Hatten wir die Diskussion nicht schon einmal hier im Forum? Schon dort wurden von tatsächlichen Kosten auf einen gerechtfertigten Preis geschlossen.

Wieder einmal Bedarf es etwas Bildung in Sachen Preisbildung, hier Preismaximierung.

Das o.g. "Gesetz" gilt nur bei beliebig austauschbaren Gütern oder Leistungen. Bei Produkten wie die von Nicolai ist das nicht so. Du kannst z.B. kein ION woanders kaufen. Du kannst nur ein vergleichbares Teil erwerben.
Die Kunden von Nicolai wollen aber oftmals kein vergleichbares, sondern genau ein solches. Ein gewisser Snob-Effekt mag durchaus verbreitet sein.
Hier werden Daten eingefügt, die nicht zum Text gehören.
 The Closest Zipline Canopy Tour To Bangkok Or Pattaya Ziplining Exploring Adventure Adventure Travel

Warum kostet ein iPad mehr als andere Tablets? Warum kaufen sich manche eine Leica, obwohl es aus Japan mindestens vergleichbares gibt?
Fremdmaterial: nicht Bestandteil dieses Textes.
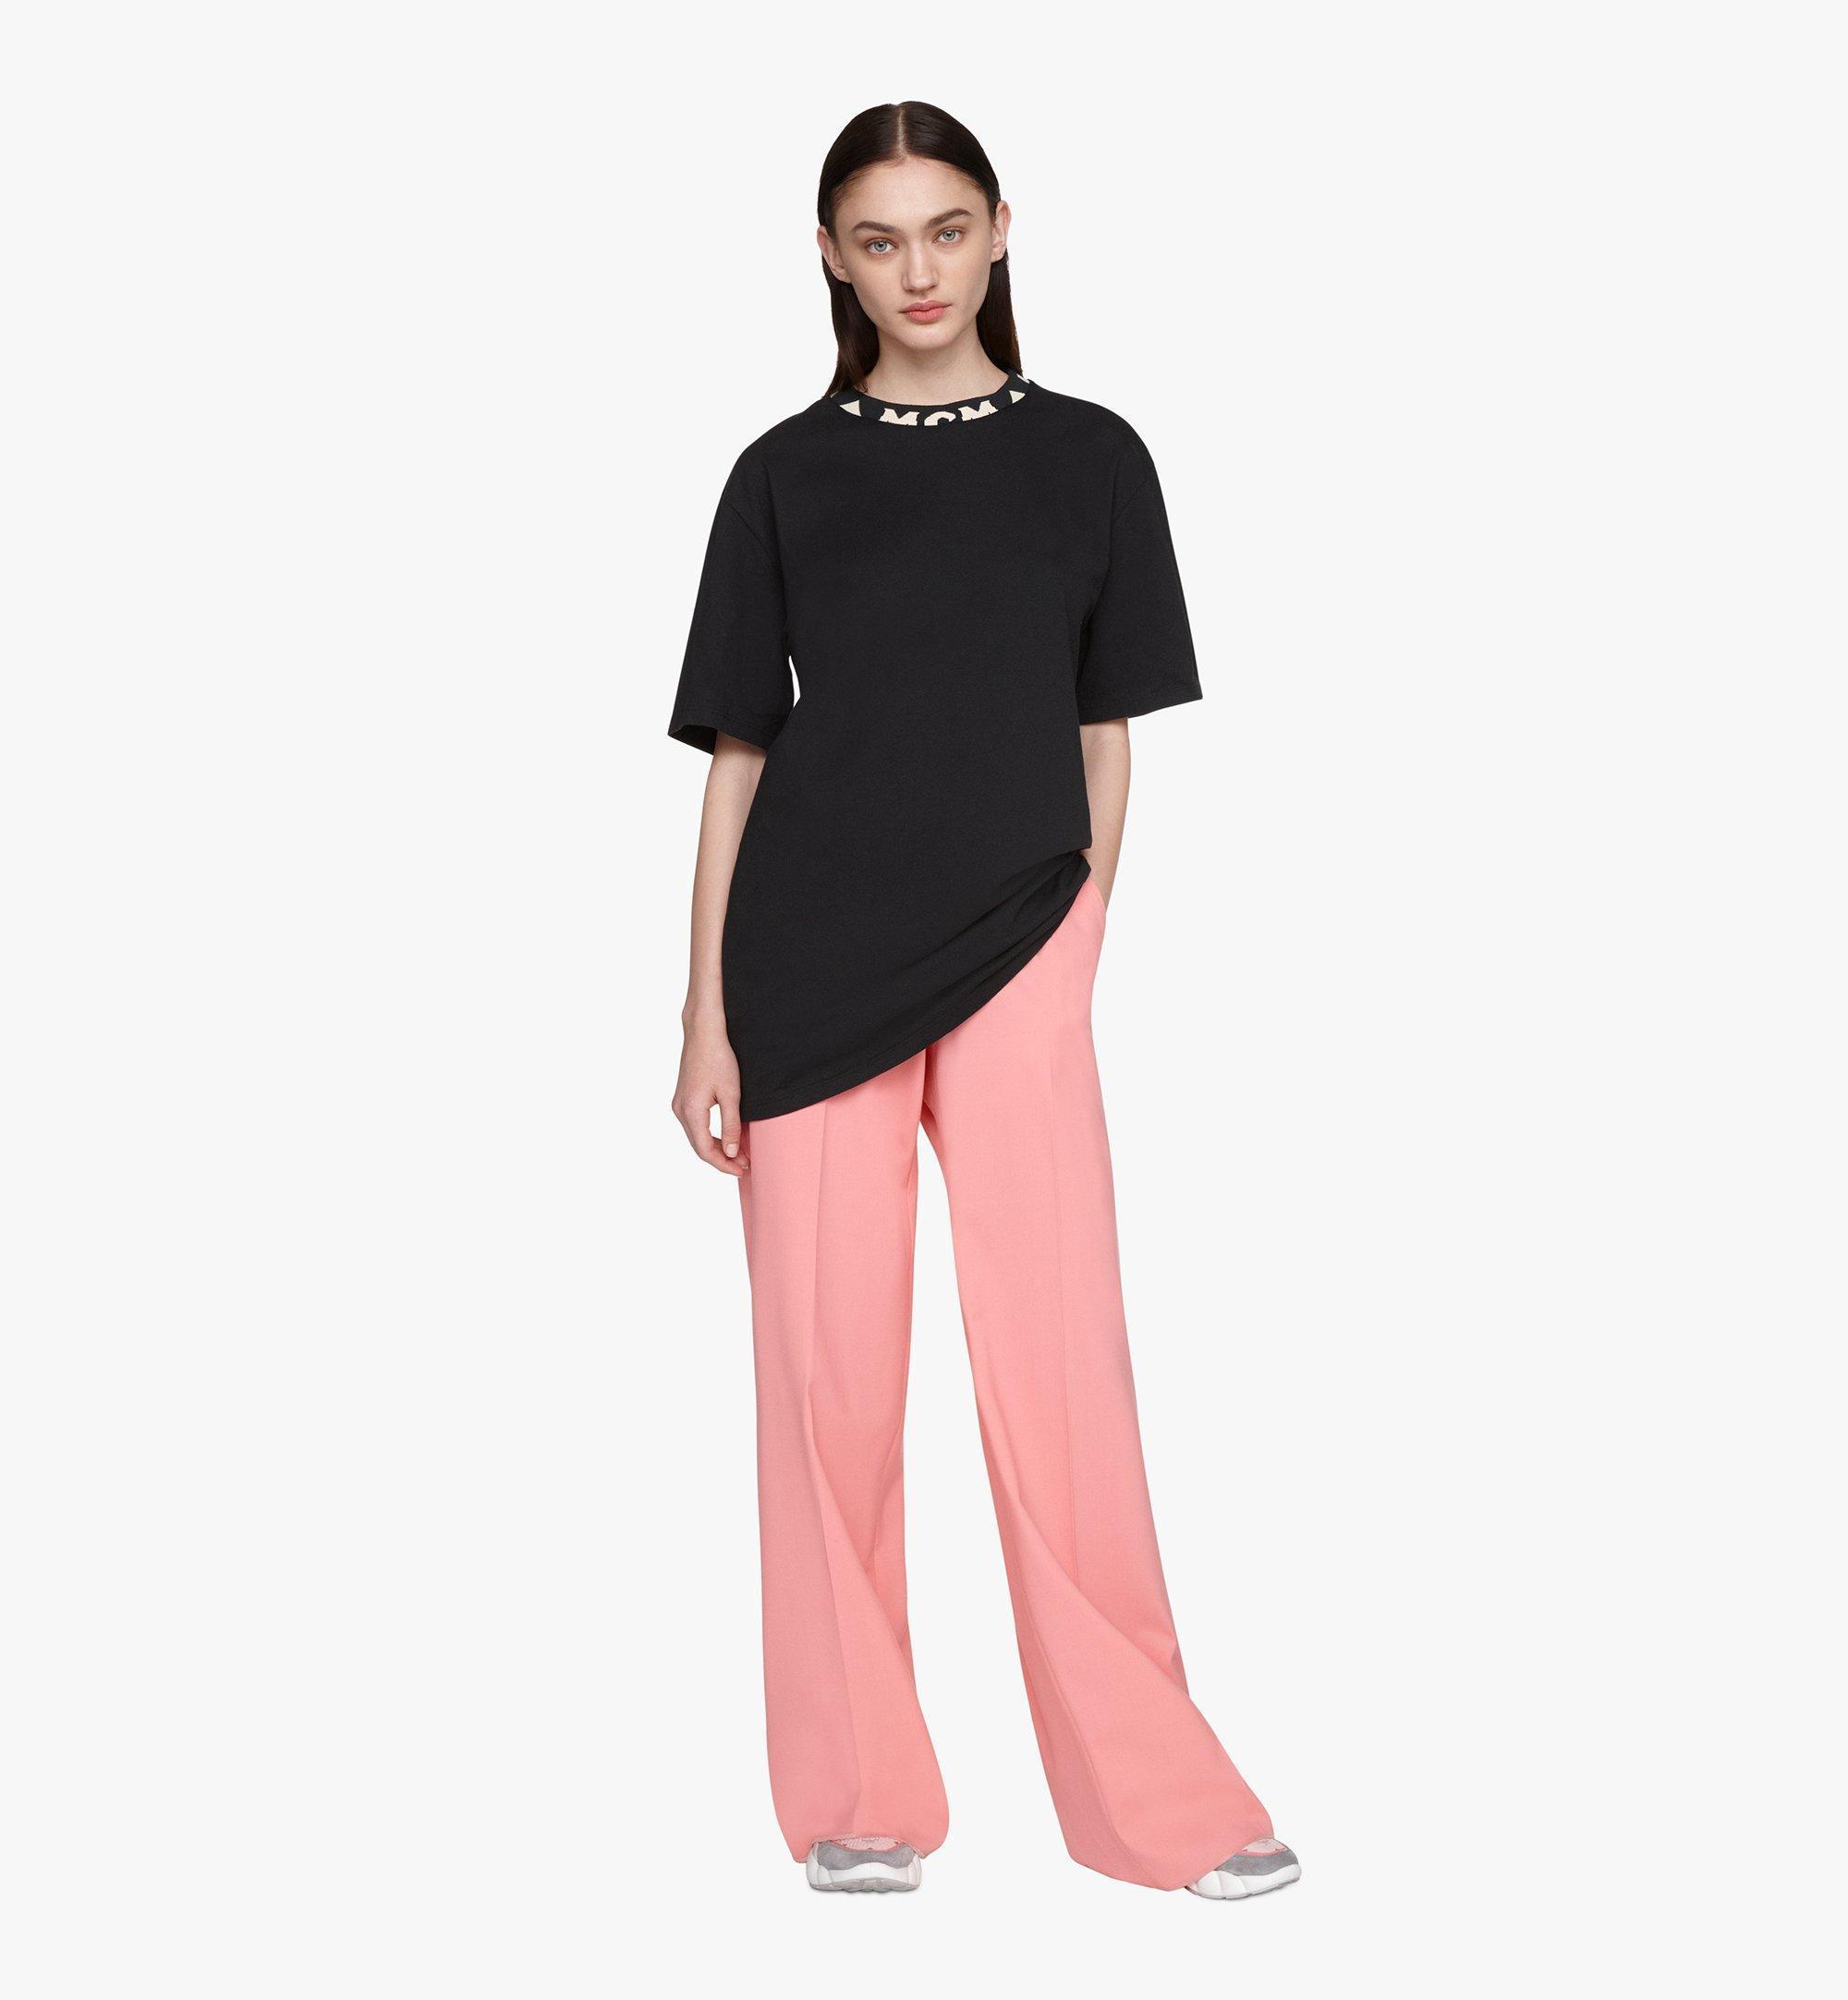 MCM メンズ ロゴトリム Tシャツ Black MHTASMM03BT00L Alternate View 4

Preisbildung in diesem Segment ist nicht rational. Und wenn man viele Elox-Bikes hier sieht, dann mag der Preis zwar hoch sein, dennoch aber für viele preis*wert* zu sein.

Ob "sich der Kalle die Taschen damit vollstopft"? Keine Ahnung. Auf jeden Fall hält es einen Teil der Kunden von dieser Option ab. Bringt dann keinen Umsatz und Gewinn, hält aber mächtig Komplexität aus dem Kleinbetrieb heraus. Aber das ist ein anderes Thema.

Die Lehreinheit ist kostenfrei.


Gruss
Holland.


----------



## Spletti (17. März 2013)

Holland schrieb:


> Hatten wir die Diskussion nicht schon einmal hier im Forum? Schon dort wurden von tatsächlichen Kosten auf einen gerechtfertigten Preis geschlossen.
> 
> Wieder einmal Bedarf es etwas Bildung in Sachen Preisbildung, hier Preismaximierung.
> 
> ...



 

alles gesagt,

oder?


----------



## Dr.Sys (17. März 2013)

Holland schrieb:


> Hatten wir die Diskussion nicht schon einmal hier im Forum? Schon dort wurden von tatsächlichen Kosten auf einen gerechtfertigten Preis geschlossen.
> 
> Wieder einmal Bedarf es etwas Bildung in Sachen Preisbildung, hier Preismaximierung.
> 
> ...




Danke Holland, endlich mal eine Antwort die sachlich fundiert und nachvollziehbar ist. Genau das meinte ich, als ich in meiner Eröffnung schrieb, dass ich den Preis "betriebswirtschaftlich natürlich schon" nachvollziehen kann.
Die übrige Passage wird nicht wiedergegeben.